- Classification: Protestant
- Theology: confessional Reformed
- Governance: Presbyterian
- Associations: World Reformed Fellowship
- Region: Myanmar
- Founder: Rev. Dr. Thang Bwee
- Origin: 1992 Chin State, Myanmar
- Congregations: 40
- Members: 7,000
- Ministers: 36

= Reformed Evangelical Church of Myanmar =

The Evangelical Reformed Church of Myanmar is a Reformed, Christian Church in the country of Myanmar (formerly Burma). It holds to the Westminster Confession of Faith

== History ==
The church was formally organised in 1998. It was established by Rev. Dr. Thang Bwee. Main activities and church planting is located in the Southern part of Chin State. For many years the church struggled without help. In the early 2000s, the denomination suffered a split because some pastors questioned the Reformed doctrine of church government, preferring one-man leadership over their churches. About one-third of the congregations withdrew, mostly to Pentecostal Churches. In 2003, a mission partnership was made with the Presbyterian Church of Australia, and shortly after organisation, the denomination grew to 1,800 members; by 2000 the church grew to 2,500 followers; and by 2008, the denomination had about 7,000 members and 40 churches. Presently, there are 36 ministers working both in Chin State and in Yangon Division, with Presbyterian church government.

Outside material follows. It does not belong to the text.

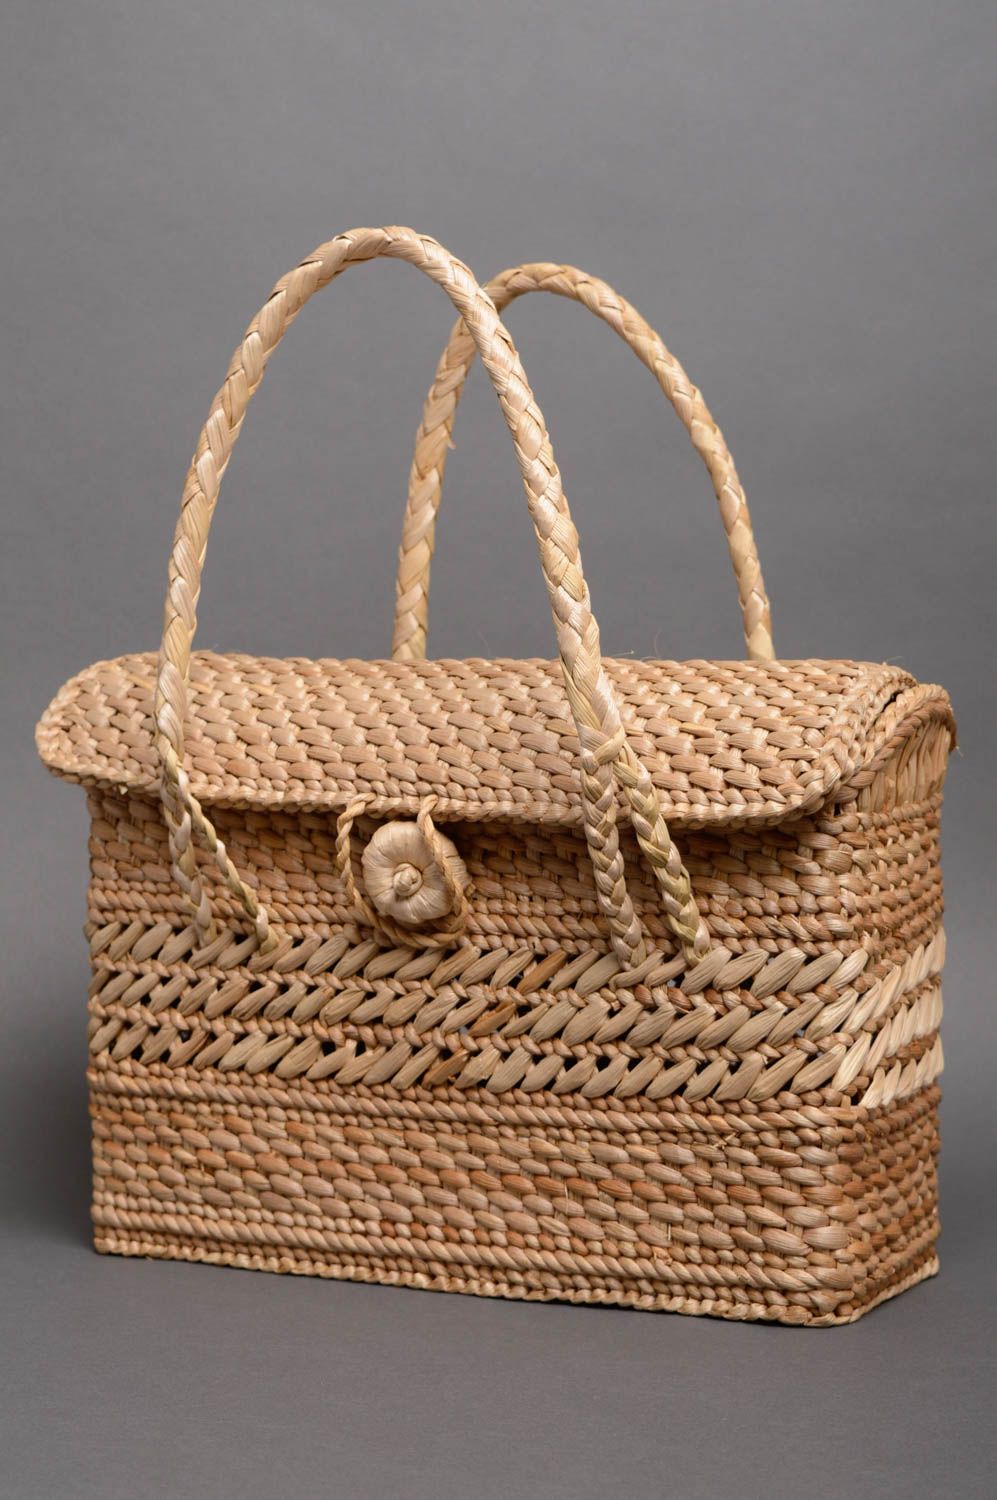 Beautiful woven basket purse photo 1
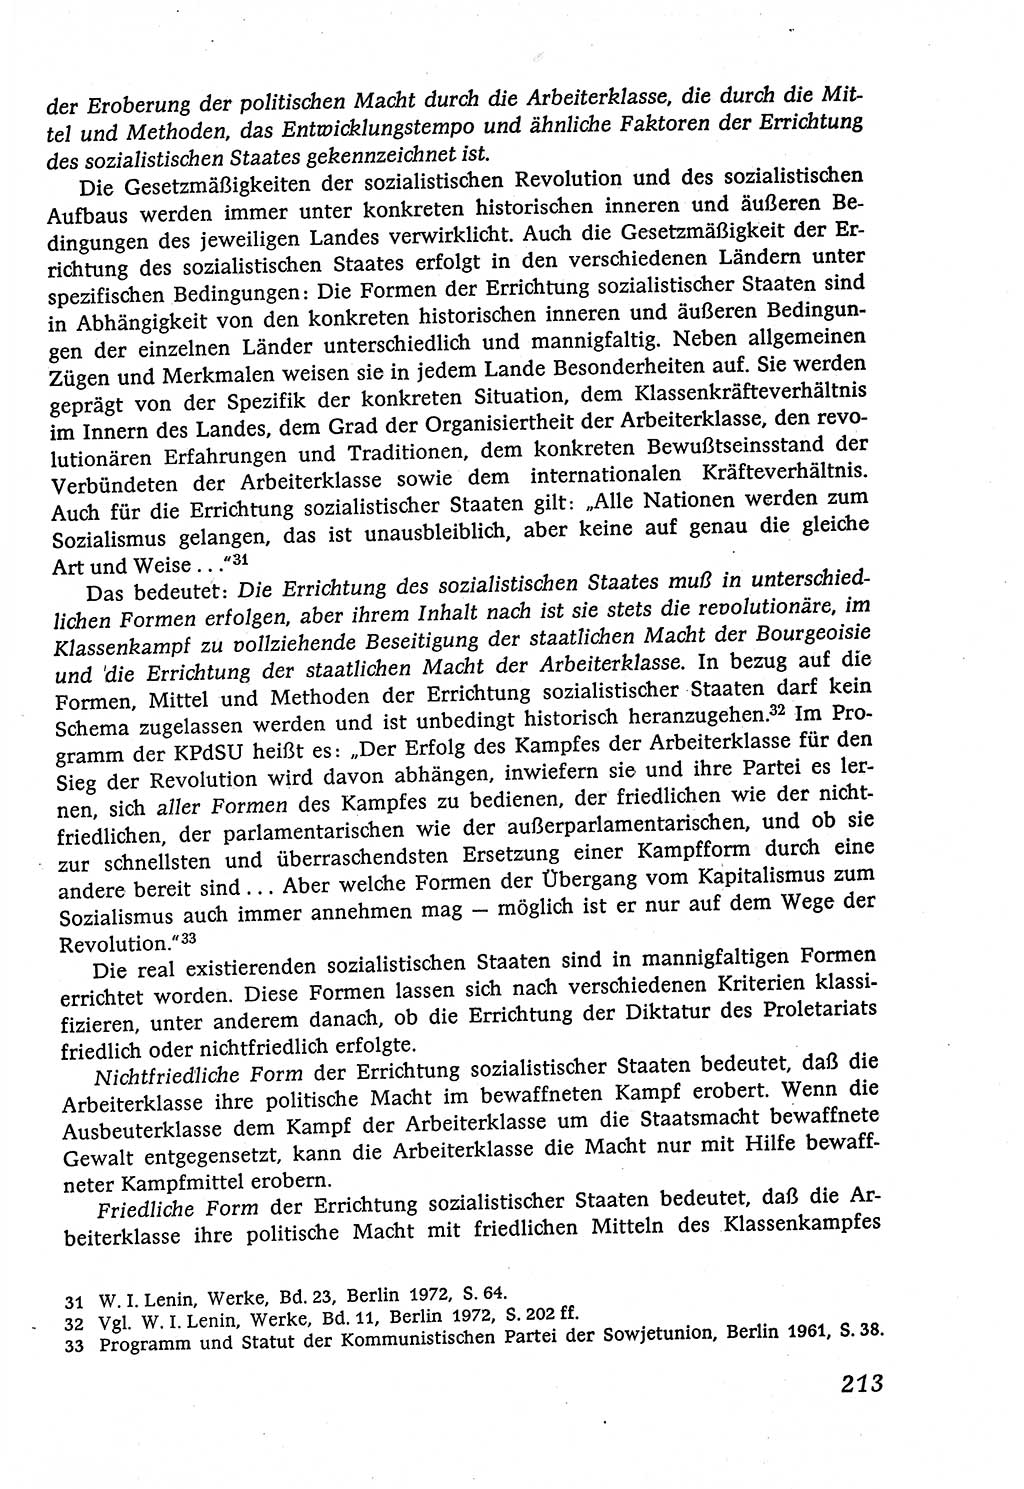 Marxistisch-leninistische (ML) Staats- und Rechtstheorie [Deutsche Demokratische Republik (DDR)], Lehrbuch 1980, Seite 213 (ML St.-R.-Th. DDR Lb. 1980, S. 213)

The church celebrated its 20th anniversary on October 22, 2012.

== Theology ==

=== Creeds ===
- Apostles Creed

=== Confessions ===
- Westminster Confession of Faith
- Westminster Larger Catechism
- Westminster Shorter Catechism

== Relationship with other churches ==
The denomination is a member of the World Reformed Fellowship. Partner church relationship with the Presbyterian Church in Australia was established in 2003. The Evangelical Reformed Church is involved in church planting; they have planted 3 congregations around the wider Yangon area including Tarmwe, Htauk Kyant, and Tada townships. The ERC also has a relationship with the Reformed Church in America.

== Education and Seminary ==
The Reformed Bible Institute was formed in June 2000 and offers the degree of Bachelor of Theology.